Смотрю. Что за чушь!
— Наденька, но она же...
— Дико, правда?
Действительно, дико: дело в том, что дама... не движется. Она подняла половник, подставила рот под струйку, под капли, которые потекут с него. Эти капли даже видны, вернее одна только капля чего-то красивого, красного — таким может быть и свекольный борщ, и кисель. Но капля повисла на краю металлической ложки. Застыла. Окаменела. И дама застыла, не движется: стоп-кадр.
— Я за ней уже целый час наблюдаю,— продолжает Надя шептать.— Не движется, ни разу не шелохнулась.
Что тут скажешь?
— Да,— говорю я,— бывают странности в мире. А впрочем, пора мне, у меня сейчас семинар.
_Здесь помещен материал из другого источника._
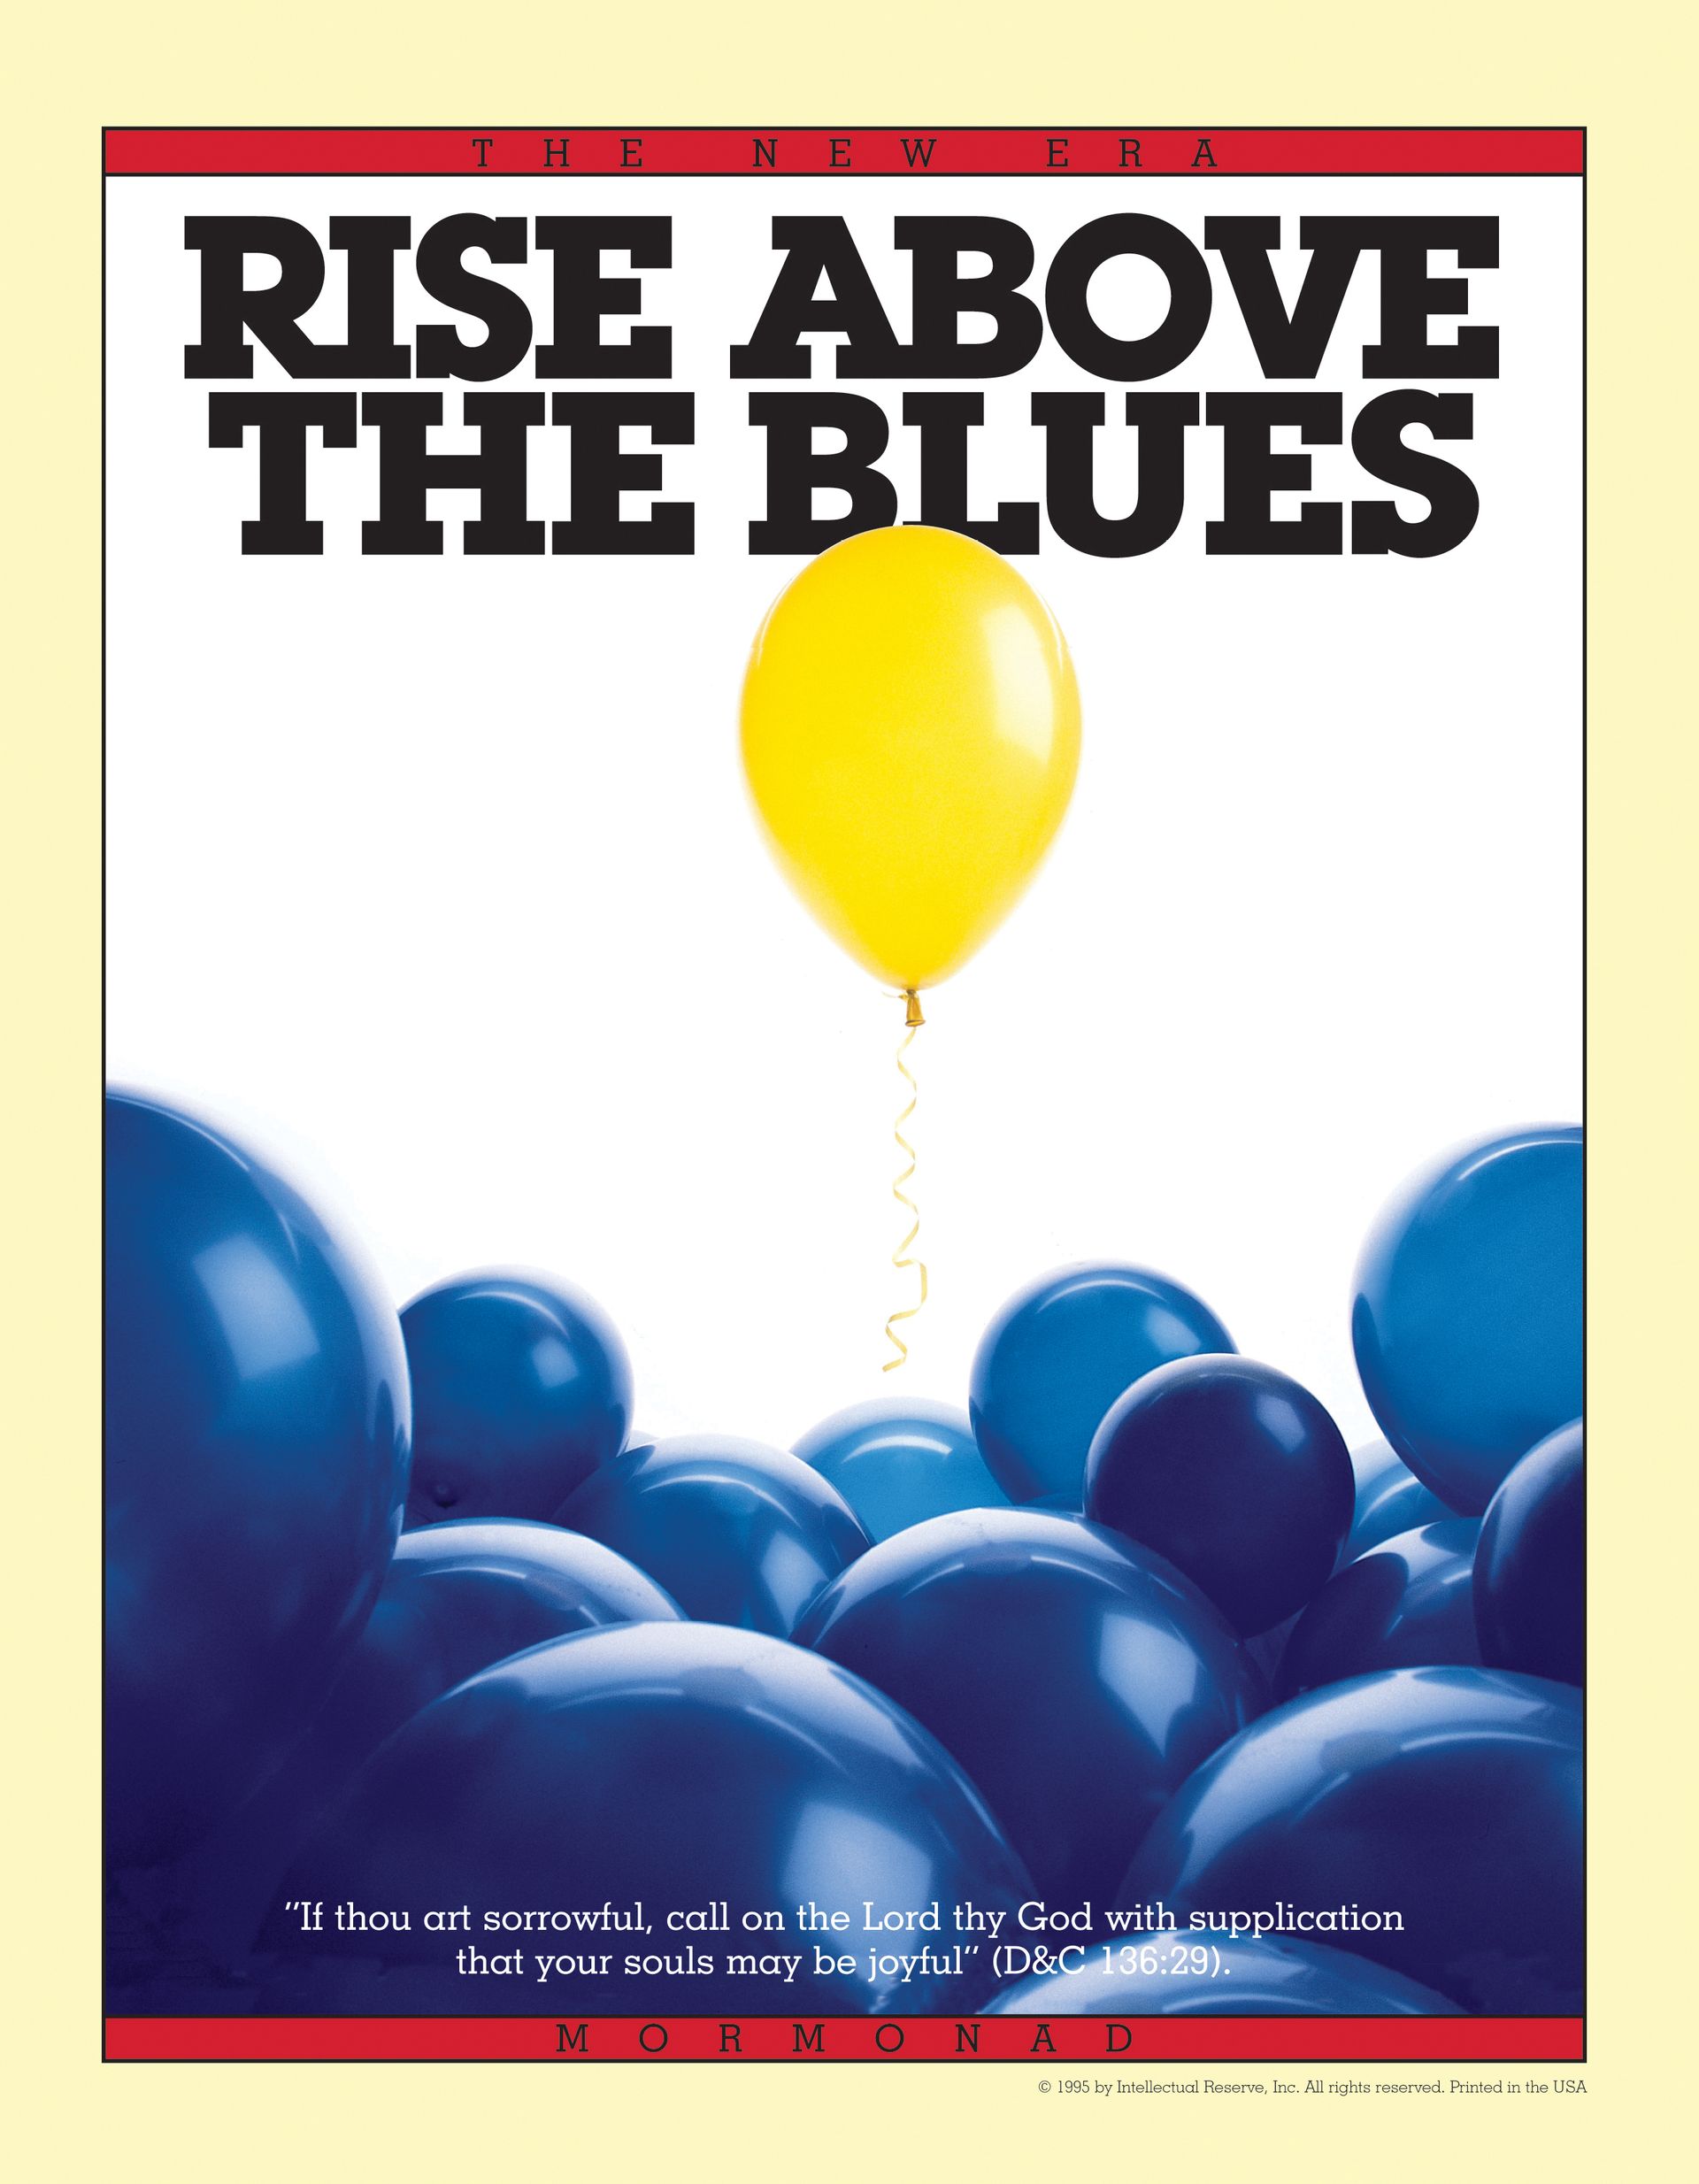 Rise above the Blues. “If thou art sorrowful, call on the Lord thy God with supplication, that your souls may be joyful” (D&C 136:29). Apr. 1988 © undefined ipCode 1.

— Идите,— лепечет Надя.— Идите.
Когда я спускаюсь по лестнице вниз, мне навстречу поднимается Маг. Он лысенький. Остроносый. Человек он, по-моему, неприятный, и разное про него говорят: говорят, что он оккультист из крупнейших, виднейших, таинственных. Что обучен он тайноведению и всевозможным чернокнижным премудростям. При этом он деятельнейший из членов ученого совета и много лет кряду ходит он в исполняющих обязанности зав. кафедрой эстетики народов СССР. Изучают там эстетику украинскую, грузинскую, армянскую — всякую. Оно и славно, почему бы не заниматься ими, но уж больно все чохом, навалом. Все эстетики вместе. И так, будто уже в каком-нибудь XII или XVI веке и армяне, и украинцы, и грузины знали о том, что они обречены стать гражданами некоей преогромной и неуклюжей державы, разделенной на пятнадцать союзных республик.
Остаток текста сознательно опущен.